Aruba is blessed with an average of 20 mph wind ALL THE TIME. It can be more, sometimes less and 95% of the time in an easterly direction. What that means is that it’s more comfortable (less humid) than most of the rest of the Caribbean in the summer. It will mess your hair, but we grew fond of what we came to call our “Aruba-doo”.
The wind and their location beyond the typical hurricane belt is why we selected it for our annual July honeymoon this year. There are a lot of other pluses to Aruba as well.
It’s billed as “One Happy Island” and indeed, the people are very nice. English is spoken EVERYWHERE. The electric outlets are the same voltage and configuration as here in the US so you don’t need converters or special plug adapters. US dollars are also accepted everywhere and many prices are even quoted in US dollars. They drive on the same side of the road as we do here in the States so if you rent a car, for a day or for your entire trip, you won’t have trouble driving. It’s clean – we didn’t see a restaurant we would be afraid to eat in and we found the food to be both familiar enough and still different enough to be interesting. There are also a number of casinos so there is adult entertainment for after dark and various musical entertainment at the different resorts as well.
A great resource if you want to plan an Aruba vacation is called “How to Enjoy Aruba”. It’s a free booklet full of practical, useful information on everything from where to stay to what to do and even where to eat. The author was raised in Aruba and visits several times a year so it’s like having a local show you around. I took much of his advice and found it helpful.
Here are the LAND BASED things we did that we especially enjoyed:
The caves. There are 2 you can visit and we went to both. They are both in the Arikok National Park so once you pay the admission, plan to visit both. You can do this on your own with a rental car or you can book the tours with one of the local tour companies. We went on our own but did see the tour group as we were leaving the first cave. Fontein features both Indian paintings and a natural spring “fountain”. There is a local there to show you around and answer questions. The Guadirikiri Cave didn’t have a guide but there was a sign that it is home to bats. Yes, we saw some but they didn’t seem to pay any attention to us. This cave is large and you can visit 2 chambers. We used the flashlight apps on our cellphones as our torches and that was sufficient to see in the dark passages between the chambers. We didn’t see any lizards or iguanas in the park but they were in abundance at our resort.
While in the park you can visit the sand dunes. Not the most impressive dunes you’ll ever see but hey, you’re there so you might as well take time to appreciate them.
Casibari Rock Formations. These natural rock formations are interesting and there are paths to let you explore them. Some stairs and not handicapped friendly but worth a visit if you can appreciate them.

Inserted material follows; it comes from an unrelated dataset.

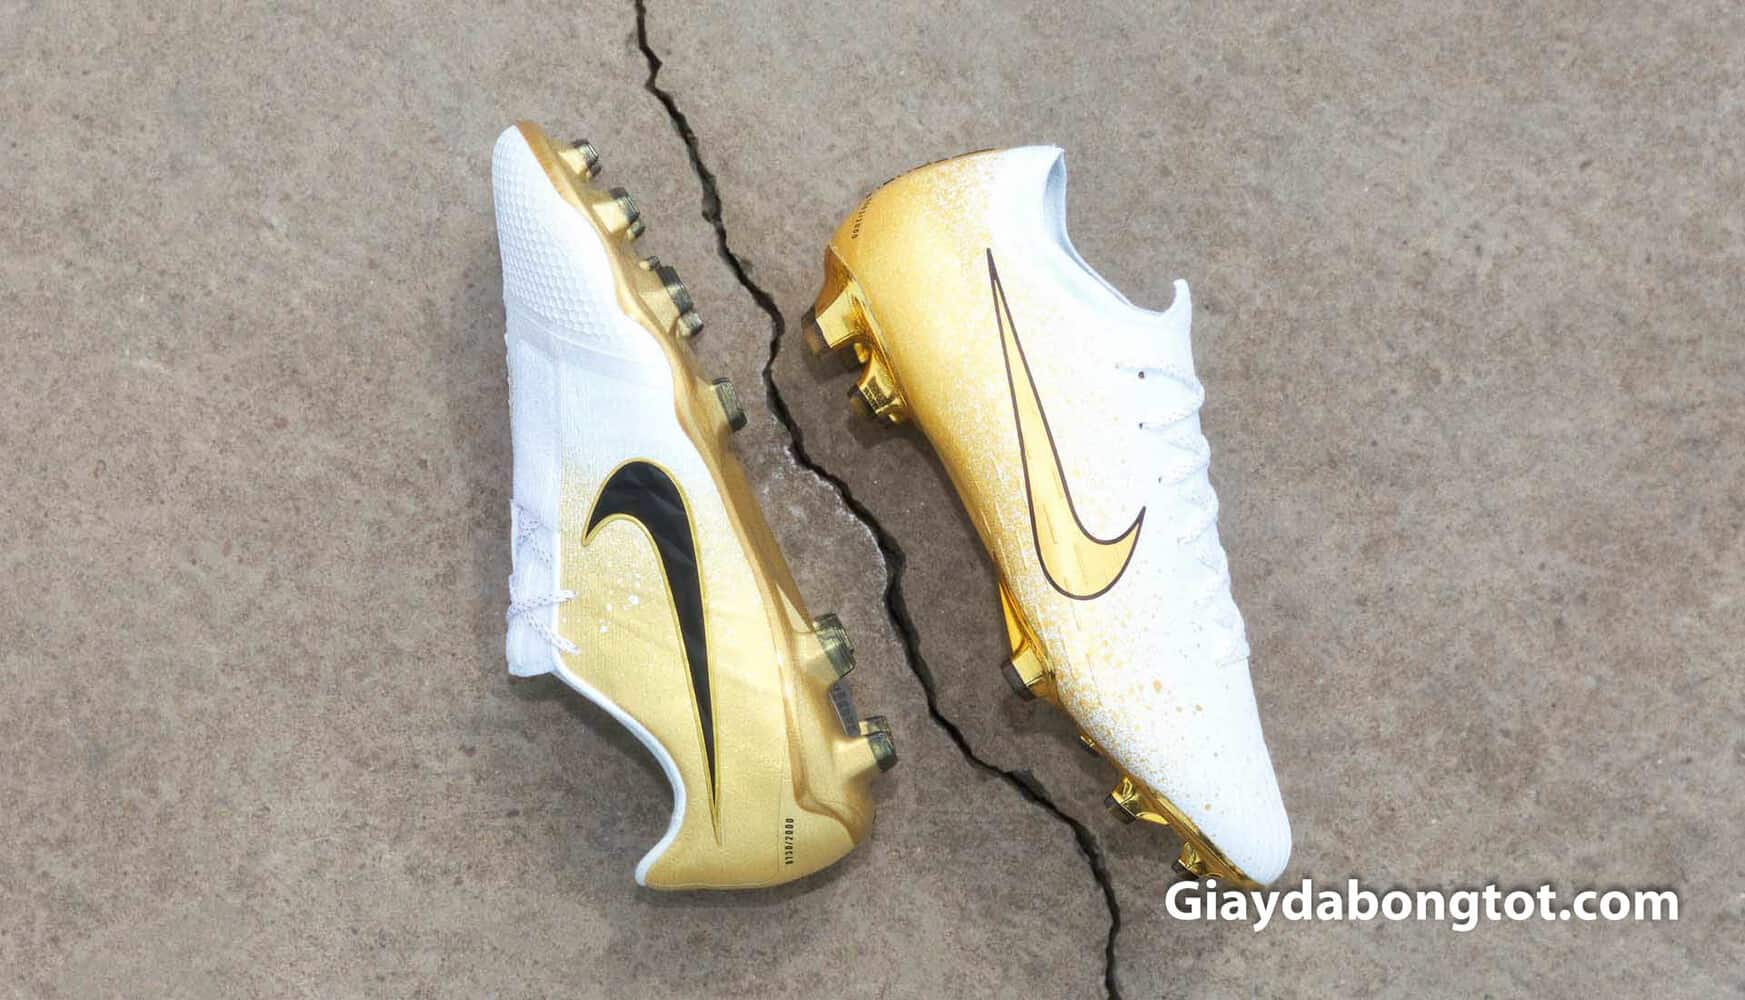 Phiên bản giới hạn giày đá bóng Nike Euphoria Gold sẽ được bán 2000 đôi mỗi mẫu trên toàn thế giới
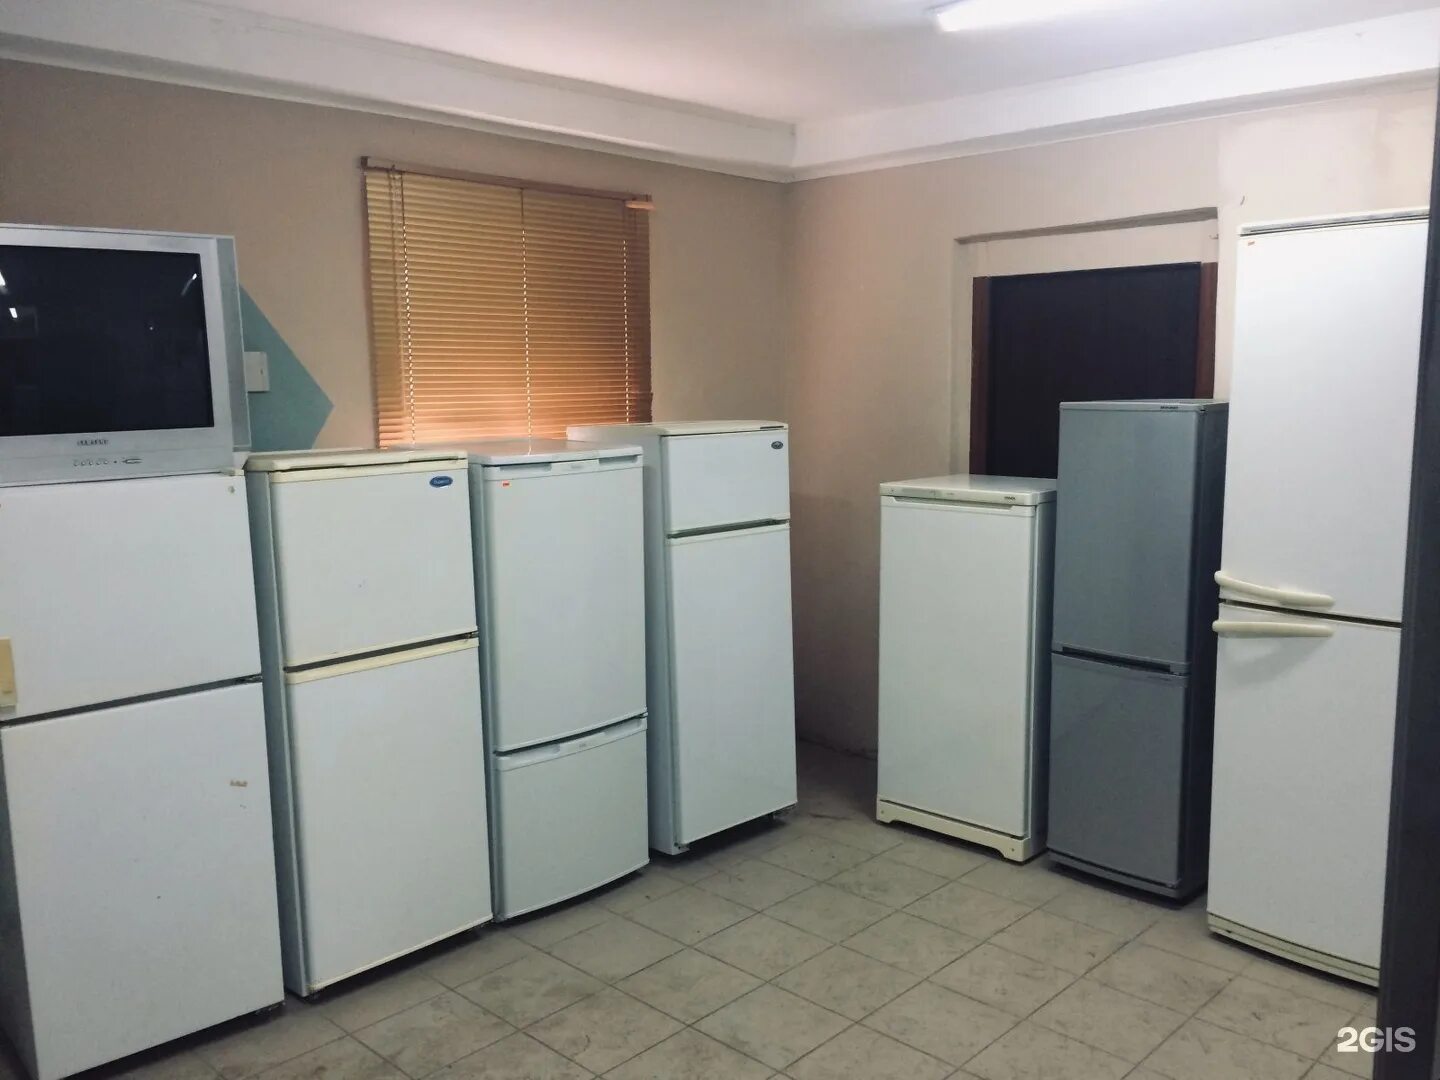 Холодильник б/у. Много холодильников б/у. Холодильник в Алматы. Купить холодильник бу на Отрадном. Авито бытовые б у холодильники

Same is true for Mt. Hooiberg. Sure, calling it a “mountain” is a stretch – more a hill but it is the highest point on the island so it’s their “mountain”. Not for the weak kneed, it’s 587 steps – yes, actual STAIRS – to the top. There are a couple of places to stop on the way and catch some shade and have a sip (be sure to bring water). It’s still a LONG steep uphill climb. You’ll be grateful for the wind. Great view (and even more wind) from the top. Not a good place to sit and take it all in but we managed.
After your visit to the top of Mt. Hooiberg, stop at the Donkey Sanctuary. For a donation you can make friends with the donkeys and even have them eating out of your hand!
Nearby (at the coast) is the “natural bridge” - the big one collapsed a few years ago but there still is one to see though not as impressive. Also the Bushirbana gold mine smelter ruins dating from 1825 are a fun place to explore and take some creative photos.
Lastly, the Ostrich Farm. It was a little pricey to visit and the only big attraction was getting to feed them for a photo opp. We had planned to have lunch there, the cafe shown on their website looks great and hey, an ostrich burger at the ostrich farm sounded just wrong enough but when we arrived we learned it had burned down earlier in the year so there was no place to eat. No, to date they haven’t updated their website…
You can skip a visit to the California Lighthouse unless you are just checking off Lighthouses around the world. Someone jumped from the top a couple of years ago so you can no longer go inside. There’s a great Italian restaurant in the shadow of the lighthouse so you can snap a quick picture when you go to dinner if you are so inclined.
In the booklet I mentioned earlier he stresses how little signage there is along the roads. THIS IS TRUE. We had to “feel our way” a lot – we could see Mt. Hooiberg but the road that leads you to it is not marked and takes you though a neighborhood. The locals have made their own sign to point you to the Casibari Rock formation, no doubt tired of pointing the way to countless lost tourists. If you go prepared to make wrong turns and consider it part of the adventure, you’ll not only be fine, you’ll have fun!